(Instructions to follow) In the listing below, find the line that contains "NCERT Exemplar Book" and the line that contains "Combustion Section Heat". Quote both and every line between them, exactly, and nothing more.
(Stored data begins)
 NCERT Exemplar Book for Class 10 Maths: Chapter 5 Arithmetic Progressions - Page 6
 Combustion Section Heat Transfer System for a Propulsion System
(Stored data ends)
(Stored data begins)
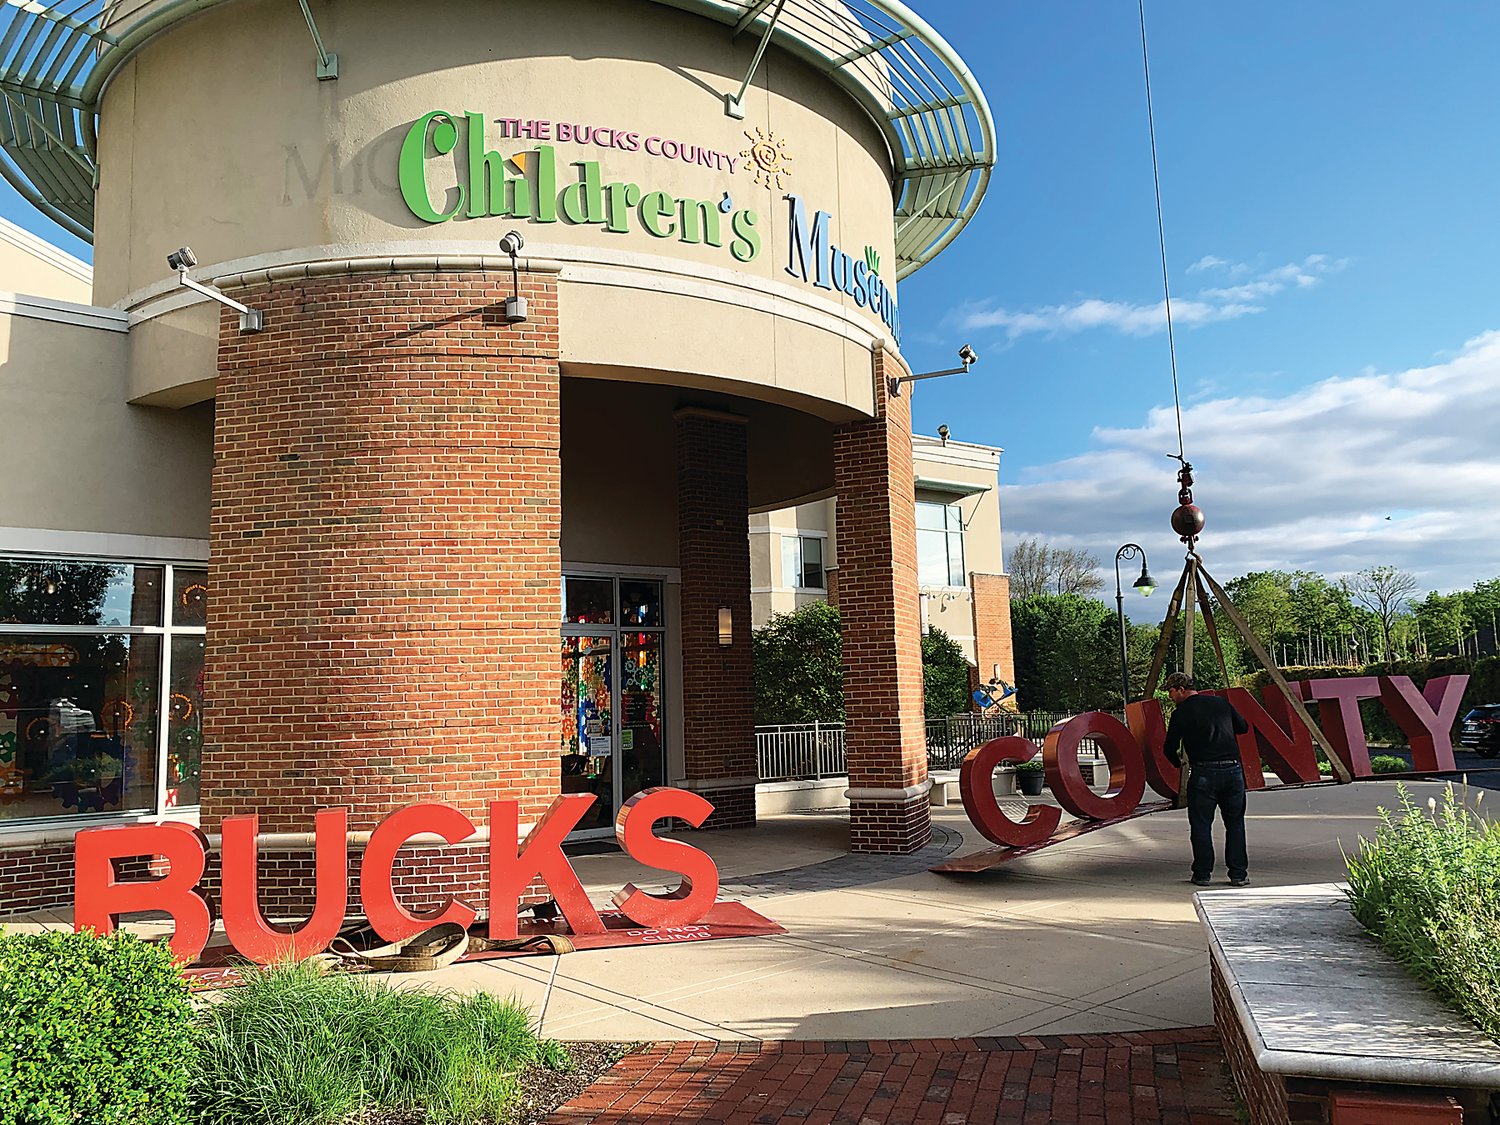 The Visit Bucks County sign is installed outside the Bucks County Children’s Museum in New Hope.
(Stored data ends)
(Stored data begins)
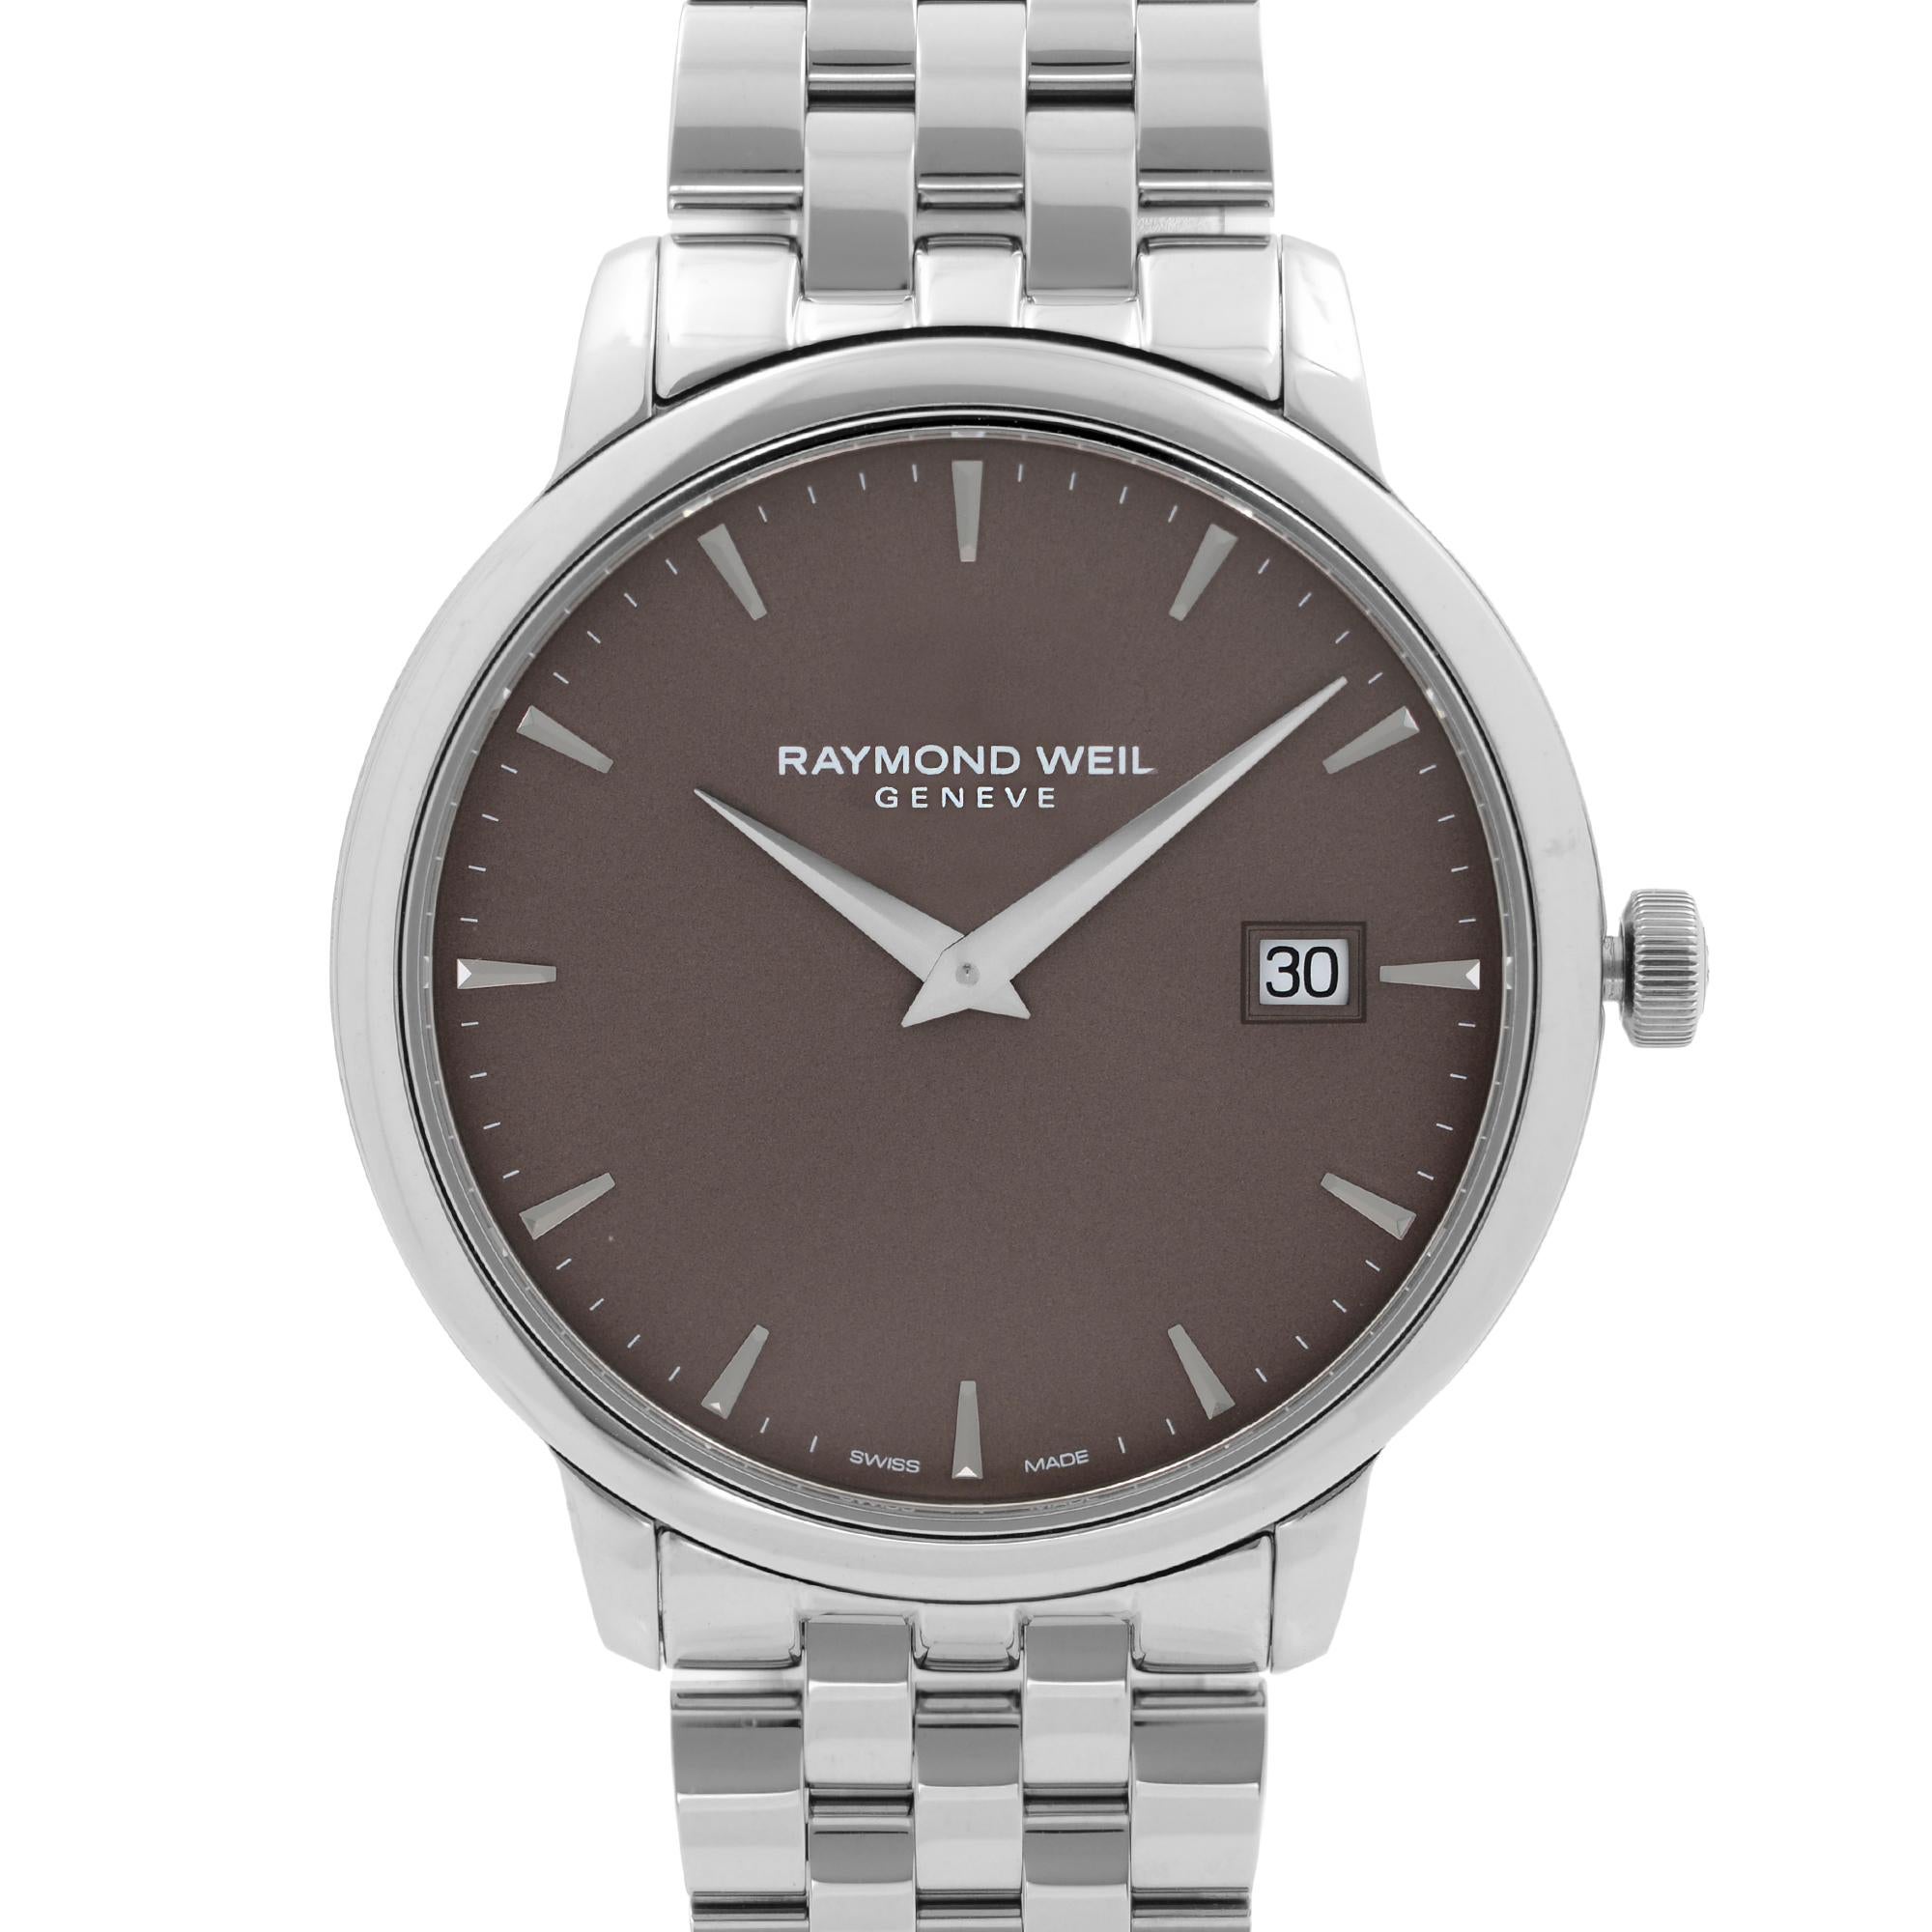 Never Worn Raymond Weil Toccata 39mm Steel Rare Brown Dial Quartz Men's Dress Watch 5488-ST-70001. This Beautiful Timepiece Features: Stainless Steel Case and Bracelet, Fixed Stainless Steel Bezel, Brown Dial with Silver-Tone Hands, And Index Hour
(Stored data ends)
(Written reply)
 NCERT Exemplar Book for Class 10 Maths: Chapter 5 Arithmetic Progressions - Page 6
 Combustion Section Heat Transfer System for a Propulsion System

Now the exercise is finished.